After the GC is complete, the string above the callstack has been cleared, as envisioned. Also because the GC has been performed, the GC heap has been compressed, and the address of the object that has not been pinned has changed. So to verify that the hosted string is recycled, you can start by hosting the array. Since the array is pinned, its address will not change even if the action of the GC occurs. So you can list the strings that reside within the array by using the same command.
The result is consistent with my expectations. Only strings that are defined by the display remain within the array, and the strings are not recycled.

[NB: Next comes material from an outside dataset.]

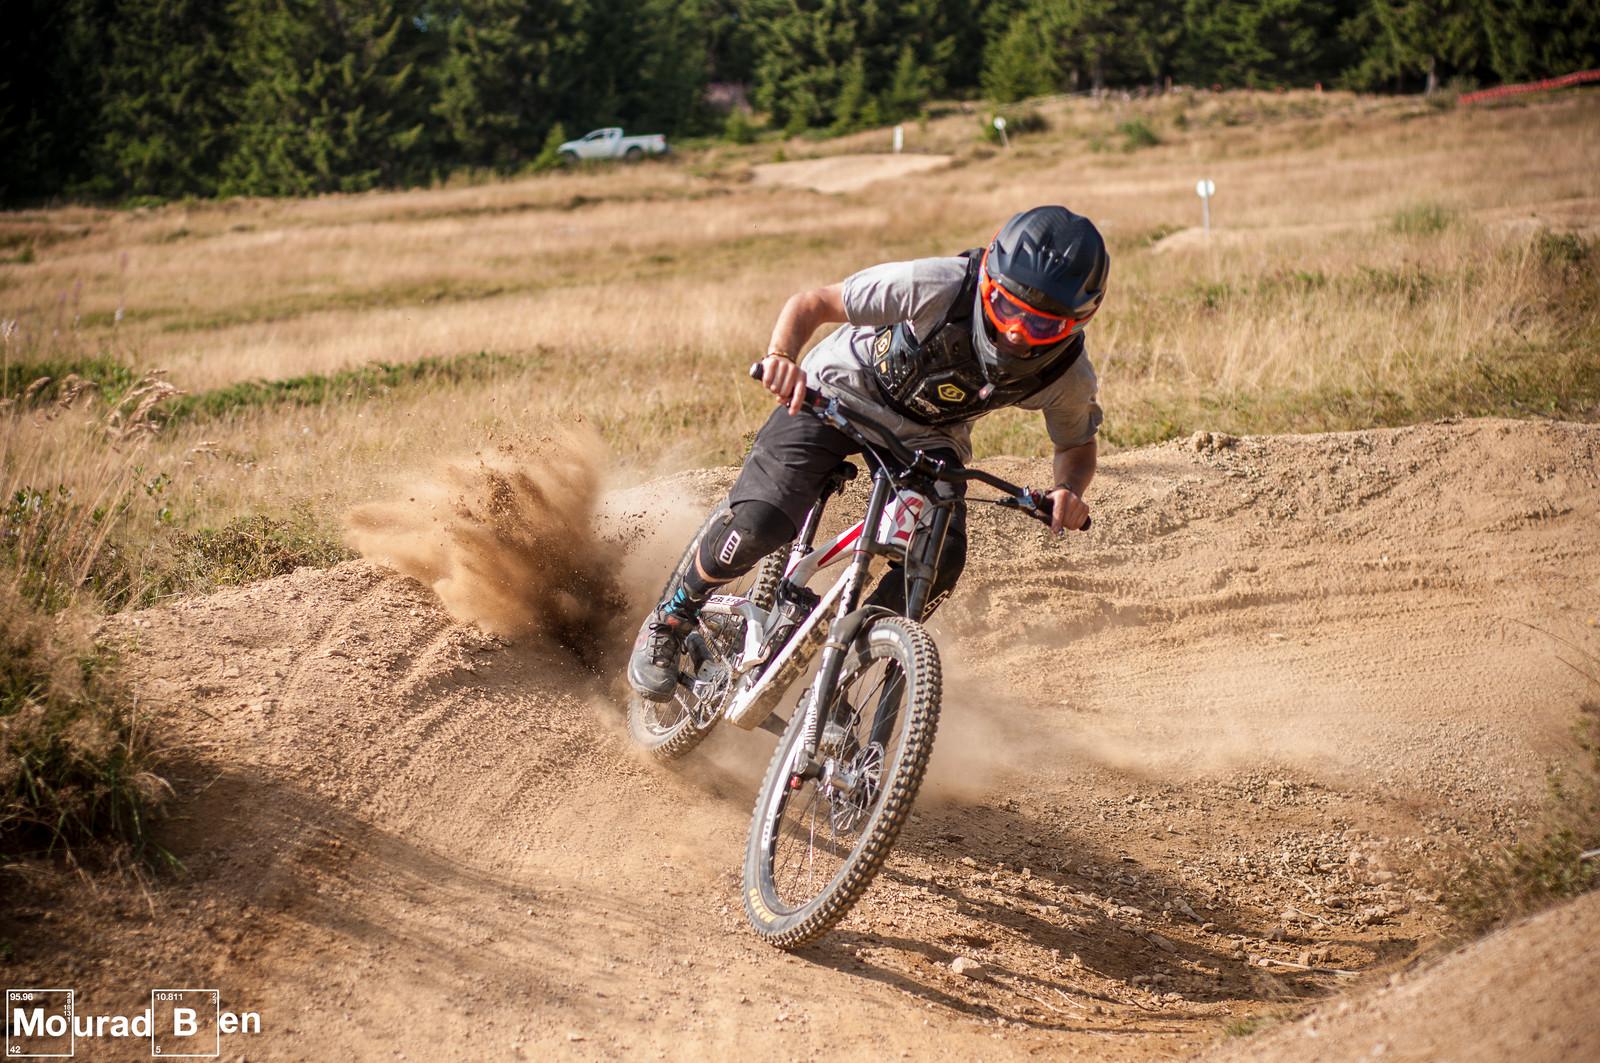 Broap - Romuald_Manach - Mountain Biking Pictures - Vital MTB

A string produced by splicing zeros is not added to this array and is recycled after the GC has not been referenced.
0:000>!dumparray-details 0000000012a93030name:system.object[]methodtable:00007ffdb0805be0eeclass: 00007ffdb041eb88size:1056 (0x420) Bytesarray:rank 1, number of elements, Type classelement methodtable:00007ffdb0817 6e0[0] 0000000002a91308 Name:System.String methodtable:00007ffdb0817df0 eeclass:00007ffdb041e560 size:26 (0 x1a) bytes (C:\windows\assembly\GAC_64\mscorlib\2.0.0.0__b77a5c561934e089\mscorlib.dll) String: ... [1] 0000000002a93f30 Name:System.String methodtable:00007ffdb0817df0 eeclass:00007ffdb041e560 size:64 (0x40 ) bytes (C:\windows\assembly\GAC_64\mscorlib\2.0.0.0__b77a5c561934e089\mscorlib.dll) String::Run GC. Collect ()... [2] 0000000002a93f70 Name:System.String methodtable:00007ffdb0817df0 eeclass:00007ffdb041e560 size:66 (0x42 ) bytes (C:\windows\assembly\GAC_64\mscorlib\2.0.0.0__b77a5c561934e089\mscorlib.dll) String:Simplestring Method... [3] 0000000002a93fb8 Name:System.String methodtable:00007ffdb0817df0 eeclass:00007ffdb041e560 size:52 (0x34 ) bytes (C:\windows\assembly\GAC_64\mscorlib\2.0.0.0__b77a5c561934e089\mscorlib.dll) String:Concat String...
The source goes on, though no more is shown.